Sunday, September 16, 2007

Musical Chairman

Like his old boss, former President William Clinton, former Fed Chairman Alan Greenspan knows his way around a tune, both men sharing a well known love for jazz and playing the saxophone. Lately the former Chairman has been demonstrating a related talent for which he is also known, picking up a new tune when the music changes.

With his new book out in the US on Monday (m* readers in NYC can see the Chairman at the Union Square Barnes & Noble at 7pm) and front page appearances in the FT and the WSJ over the weekend, Greenspan has adapted to the new reality of the global credit environment he personally did much to foster rather well.

Speaking to the FT, Greenspan admits the housing market was in a bubble and that home price declines are likely to surprise to the downside. He also compared the yield pickup of asset-backed structured securities over treasuries to cocaine and the current commercial paper crunch to the '80's savings and loan "disaster".

As the recently departed Chairman after nineteen years of the institution charged with overseeing the health of the nation's banking system, price stability, and the path of economic progress, m* naturally wonders when exactly the Chairman came around to these conclusions?

Greenspan makes an odd celebrity. There is his age, beyond easy figuring but well into the wise old man category, the easily caricatured egghead visage with small eyes appearing behind enormous glasses, and that monotone warbling of un-intelligible but clearly highly intelligent verbiage. And he is an economist after all.

Bubble vision pumped him up of course, even while they made fun of his pending appearances with superhero antics and pre-game-show style briefcase analysis. But Greenspan more than anyone contributed to their mutual success, promoting and sustaining a bull market state of mind and an equity culture that swept the globe during his tenure.

Chairman Greenspan held the scepter of power among economic seers across nearly two decades and three presidential administrations, with a Chance the gardener-like talent for evading criticism and responsibility, while cultivating a public acceptance of the mystery of his wisdom and that of his institution.

Greenspan has always been the court's jester, adapting his performance to stay in the graces of whichever court is currently in power, as when he abandoned the successful fiscal conservatism of the Clinton/Rubin era for the budget busting Bush tax breaks for the wealthy, or filed away "Gold and Economic Freedom" to later preside over a succession of asset bubbles fueled by too cheap money and lax oversight.

Greenspan drank the Kool-aid of the internet’s new paradigm for productivity, and flinched in the face of post bubble deleveraging, fearing a Japan-style deflationary spiral was at hand. He missed the rampant speculation and rash lending that was driving up housing prices at unsustainable rates, and encouraged home loan borrowers to gamble with short term adjustable rates (and sub-prime mortgages) shortly before the housing peak and an impending rate hike cycle.

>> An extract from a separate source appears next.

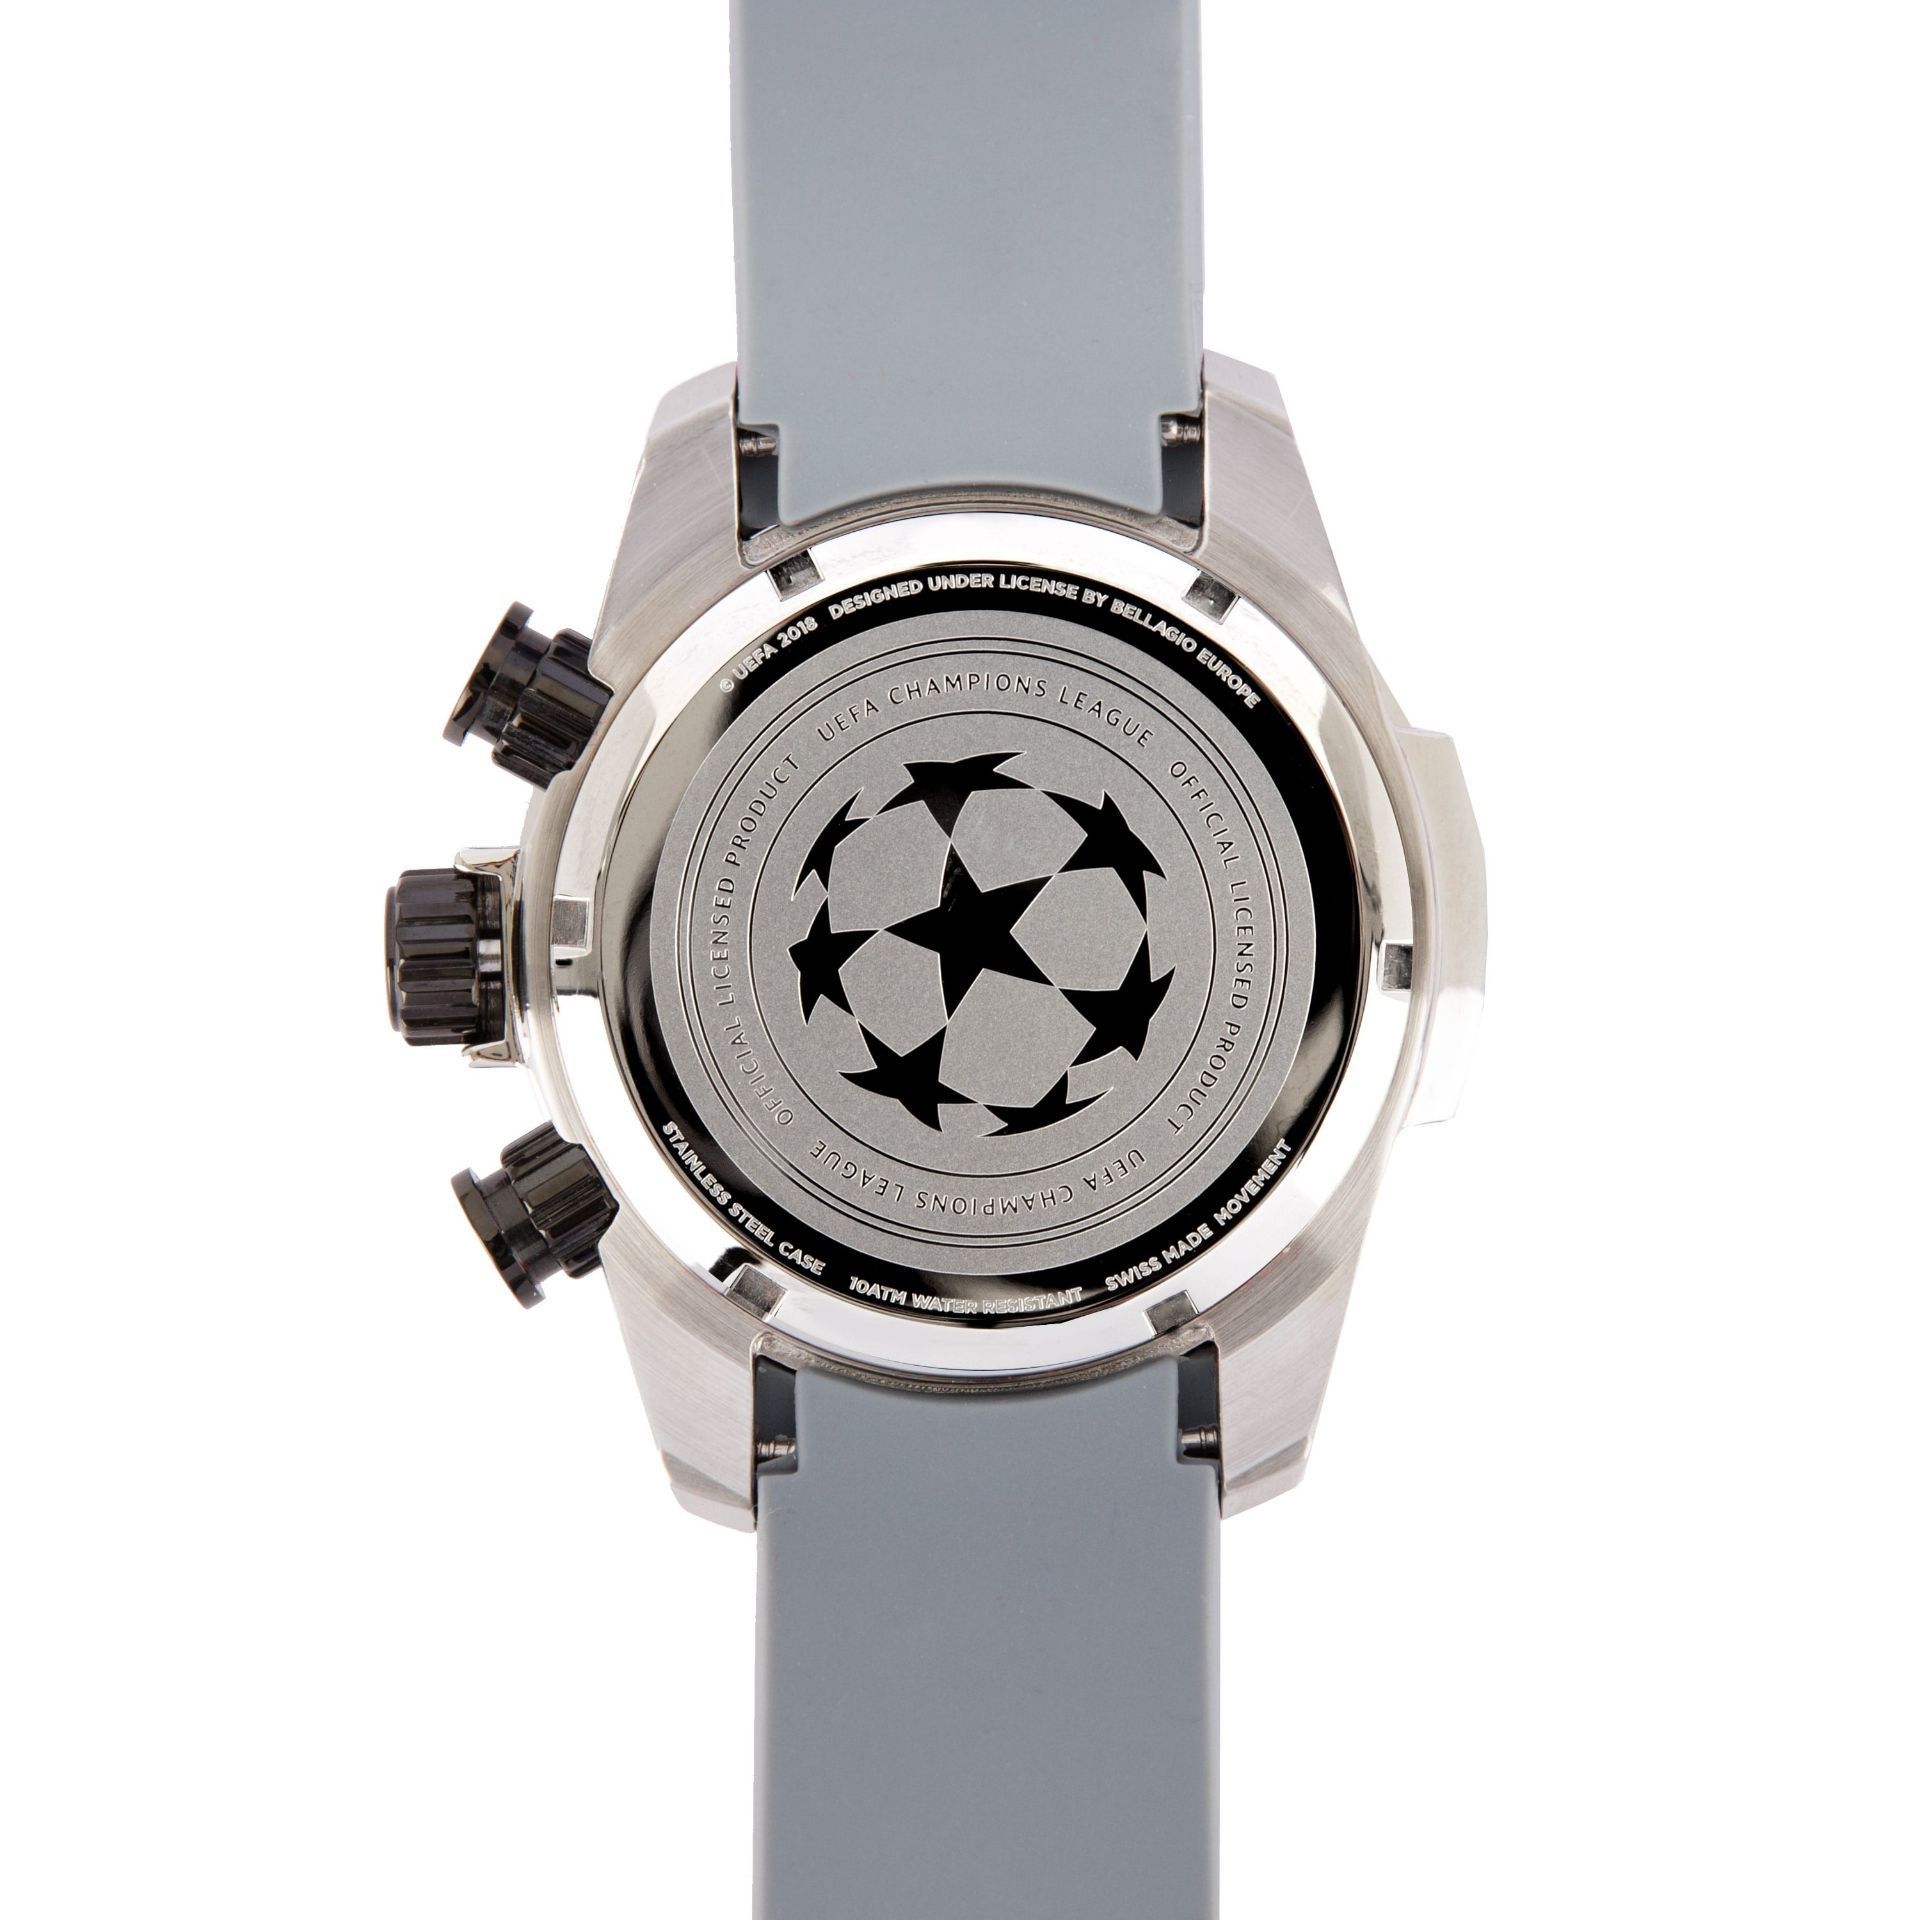 BRAND NEW OFFICIAL UEFA CHAMPIONS LEAGUE 45 MINUTE COUNTDOWN WATCH CL45-STB-GRBLP, RRP £225 - Image 3 of 5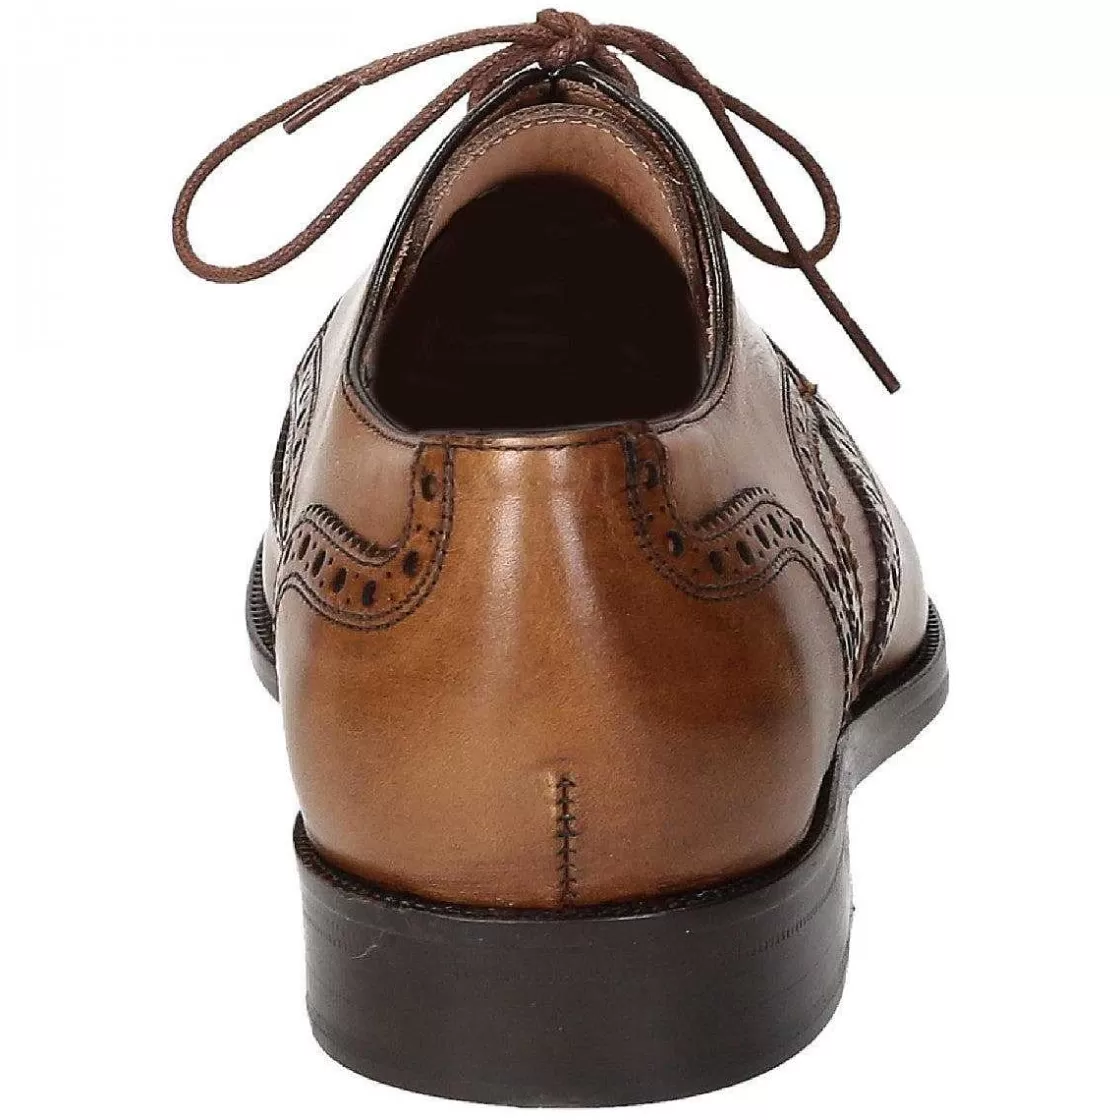 Leonardo Leather-Colored Men'S Lace-Up Shoes With Perforated Dovetail Toe Outlet

Greenspan may have gotten some of the basic calls dead wrong, or simply been working from a different set of priorities than many of his critics assume. But one thing he's always gotten correct was the importance to the role of setting the tone and massaging expectations. Greenspan understood that the true power of the Fed and its Chairman is far less than commonly perceived, and that inflated perception enabled him to wield far more power than he might have without it. That is why he was called “the Maestro.”

However the unraveling of his decisions and their long term impact on savers and the purchasing power of the currency brings to mind another image from film, that of the powerful wizard revealed to be just a fallible man behind a curtain with a distortion microphone and a sputtering smoke machine, his omnipotence an illusion. But ever the showman, Greenspan manages to somehow stay in the public consciousness long enough to sell a few books for his publisher.

It must have been a light weekend on the fashion-news front as the WSJ’s Weekend Edition led with what was technically a Greenspan "book review," making sure to tell us they did not speak to the Chairman but rather, almost blog-like, “bought a copy at a bookstore in the New York area.” Perhaps the new owner at the Journal was not happy at paying the Chairman’s speaking fee. Over at Pearson however, where they’ll no doubt be waiting for the paperback, someone got him on the horn and the quotes are juicy.